President Johnson, an off-the-cuff observation he made to a young staffer, Bill Moyers, after encountering a display of blatant racism during a political visit to the South. Moyers tells it in the first person: We were in Tennessee. During the motorcade, he spotted some ugly racial epithets scrawled on signs. Late that night in the hotel, when the local dignitaries had finished the last bottles of bourbon and branch water and departed, he started talking about those signs. “I’ll tell you what’s at the bottom of it,” he said. “If you can convince the lowest white man he’s better than the best colored man, he won’t notice you’re picking his pocket. Hell, give him somebody to look down on, and he’ll empty his pockets for you.”
Did Lyndon B. Johnson Say This About The 'Lowest White Man' and 'Best Colored Man'? | Snopes.com
LBJ was not trying to predict the future there.
I agree these guys broght that to a wider audience, but where was their bitterness rooted (other than trying to make a buck)? Perhaps during the Reagan era, where Democrats didn’t show enough respect, or mocked and ridiculed Reagan. Or maybe back to the whole Nixon resignation (in disgrace)? Clinton, being a character himself, and following an embarrassing one-term R presidency (“read my lips…”, Dan Quayle), Rs were still smarting and gravitated toward the message that soothed them, and hit back at the winning Democrats.
That and FDR’s third term aren’t a bad place to look at for the start of all this.
I don’t know that your average voter is looking at it like that. What I recall is that there was always a perception of Democrats as being somewhat misguided, and that many of their presidential candidates were on the effete/ineffectual side- think Dukakis and Mondale especially.
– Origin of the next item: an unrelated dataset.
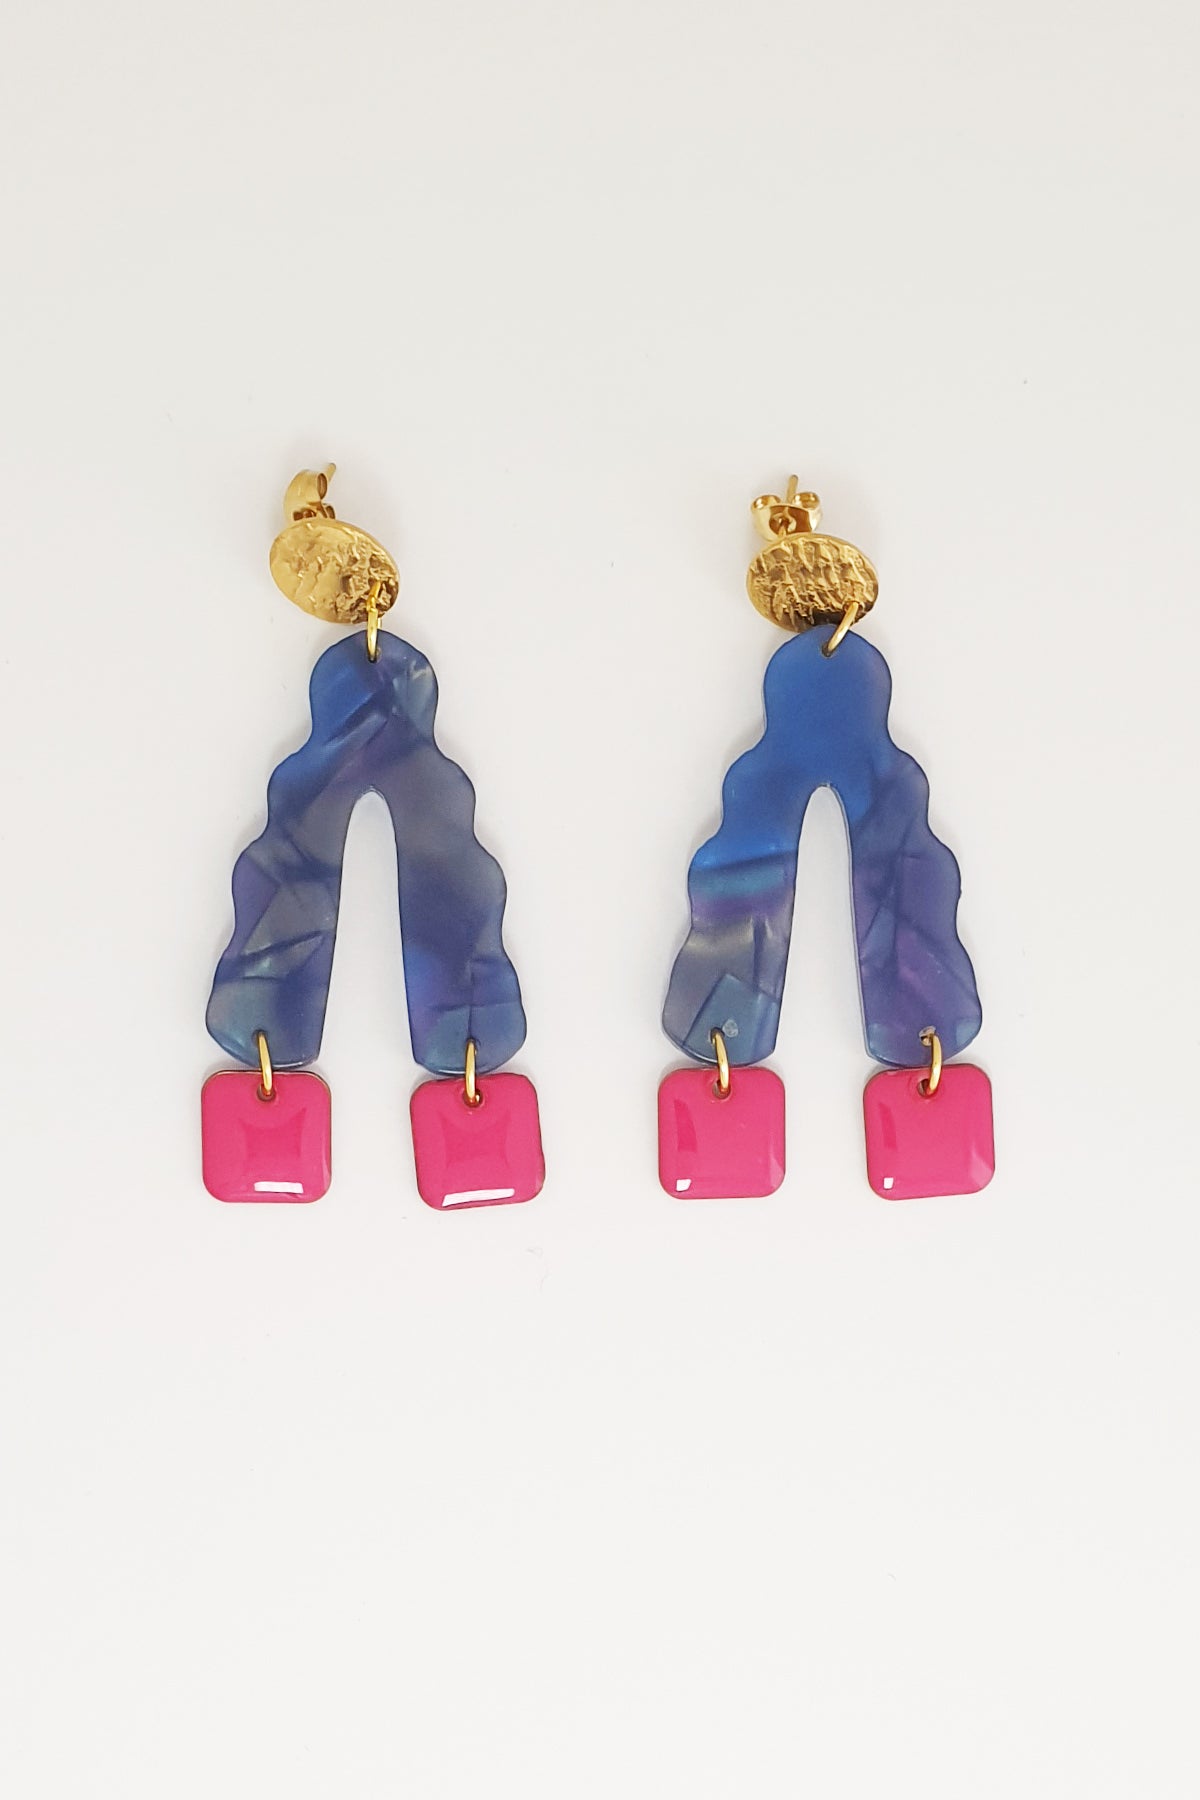 A pair of stud dangle earrings sit against a white background. They feature a textured circular gold stud top, a blue wavy upside down V-shaped acrylic, and magenta square shaped enamel drops hanging from each end of the acrylic.
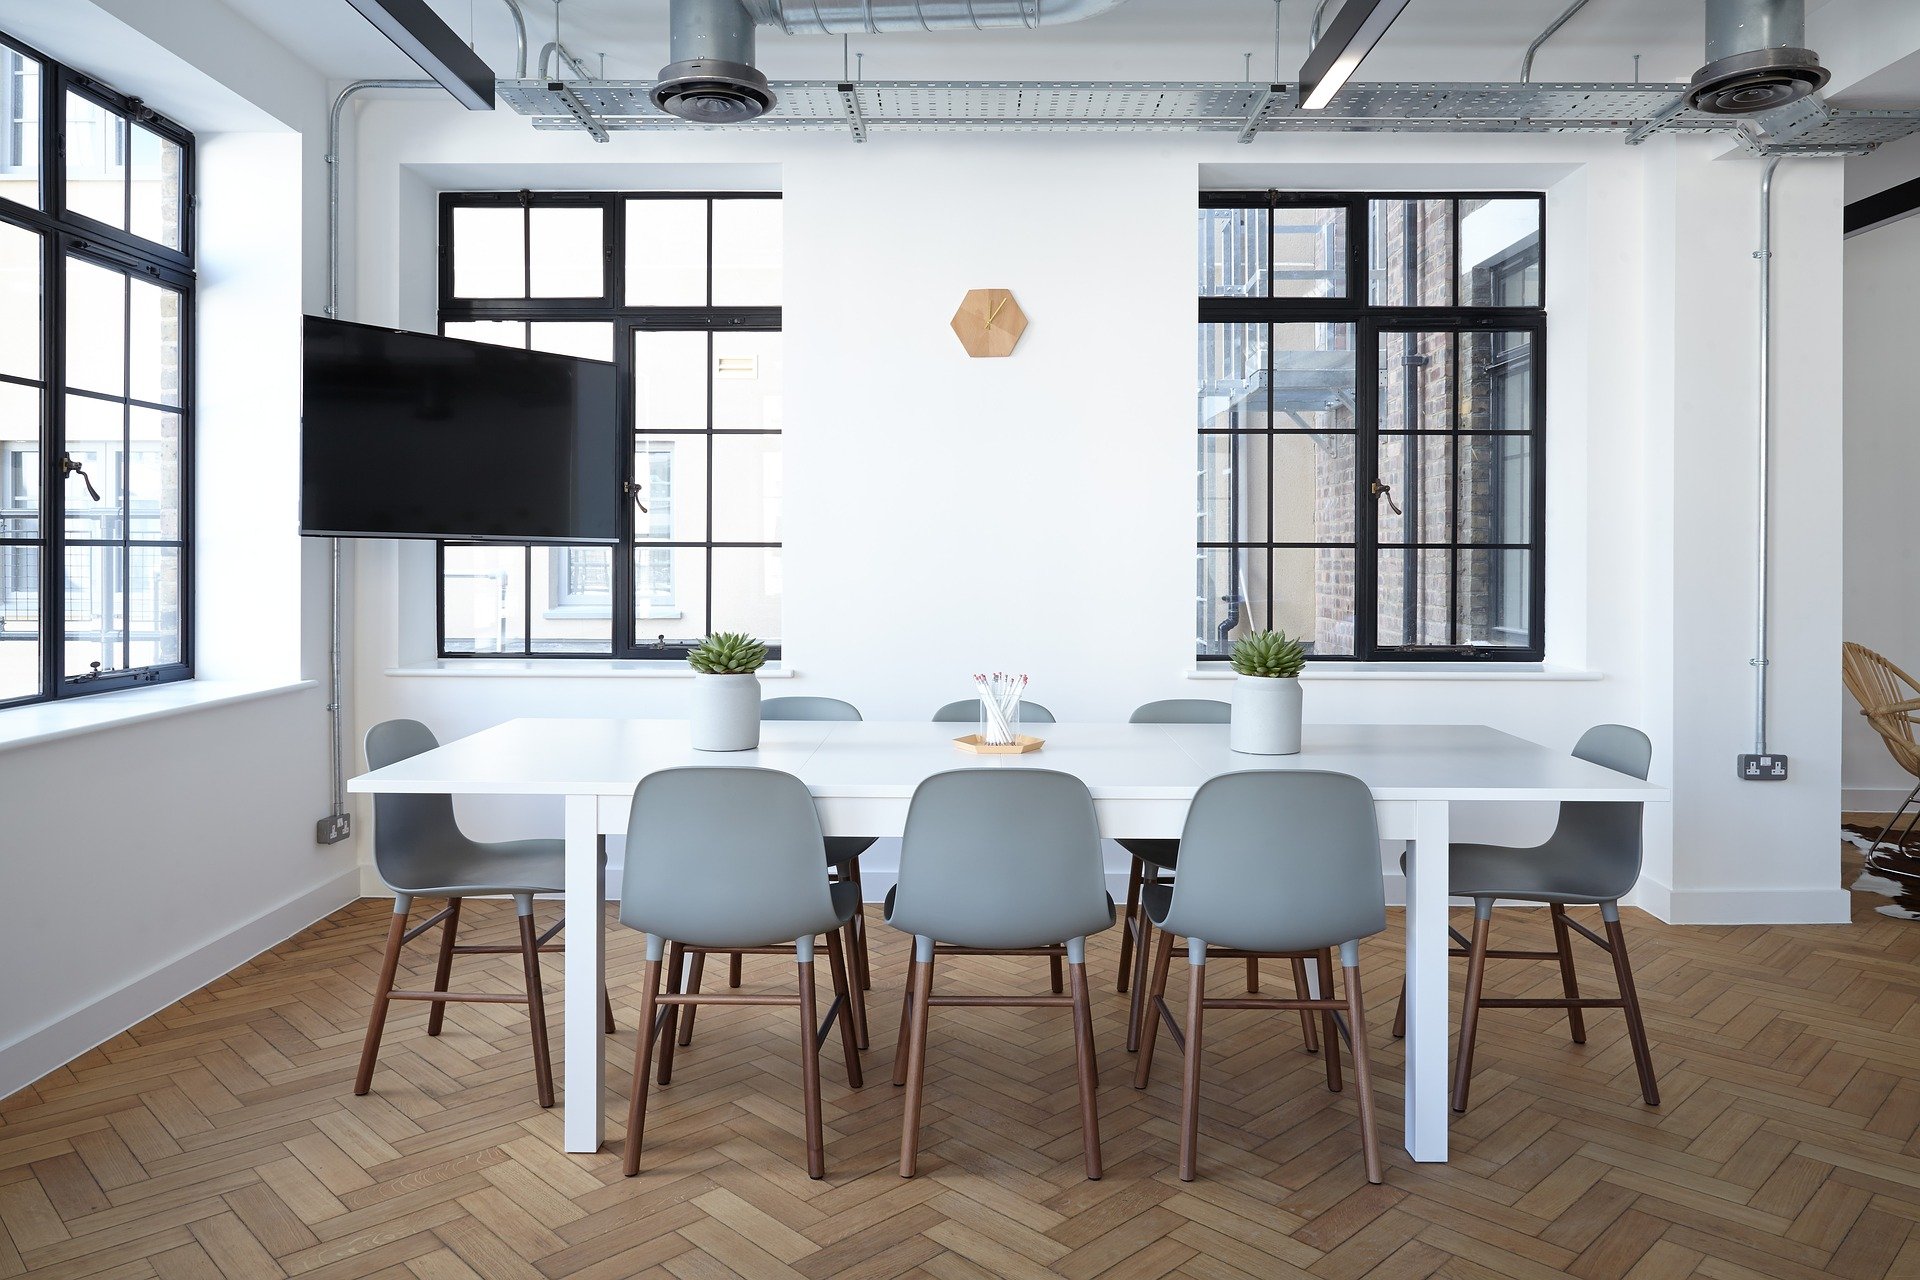 Bright office with a white table in the middle of it and grey chairs around the table

But there wasn’t a perception that they were actively fighting what was good, or working against the general welfare. It was that the Republican/Democrat split was more along ideological, and unfortunately racial lines. But there wasn’t the animosity or culture war aspects until Limbaugh, et al… That’s their legacy- taking political affiliation from being what was basically a personal choice and something that generally didn’t divide people, and turning it into an identity and something that people self-segregate themselves with.
That bitterness wasn’t always there, or at least it wasn’t nearly so intense. There was some latent racist-based resentment like @crowmanyclouds points out, but it wasn’t really as overt or thought of as warfare. You didn’t like that the Democrats were doing stuff with your money for people you didn’t like, you voted Republican. And that was it; there wasn’t any sense of culture war or aggrievement about it- it was something you settled at the ballot box and got about your life.
Nowadays, there seems to be this sense that the Democrats are out to get you and yours- take your money, give it to the black people/gays/foreigners, and give them advantages that you (or your kids) don’t get because you’re white. And people on that side are terrified and angry- all they see and hear is how they’re getting screwed and someone else is getting enriched, and it’s the Democrats’ fault.
THAT started with Limbaugh for sure.
Again, the GOP was able to maintain civility ONLY AS LONG AS WHITE CHRISTIANS WERE IN THE MAJORITY. When the demographics turned on them, they had to choose between favoring majority rule or minority rule.
You keep pointing to cultural moments like Limbaugh and Nixon and Bush but those are irrelevant. They are merely markers in the numerical decline of White Christians voters.
Yeah I agree. Limbaugh definitely touched an exposed nerve with a large group of people, and activated what was previously somewhat latent hatred in that group, organizing and energizing it, and as someone else posted here, he “said the quiet part out loud” for all to hear.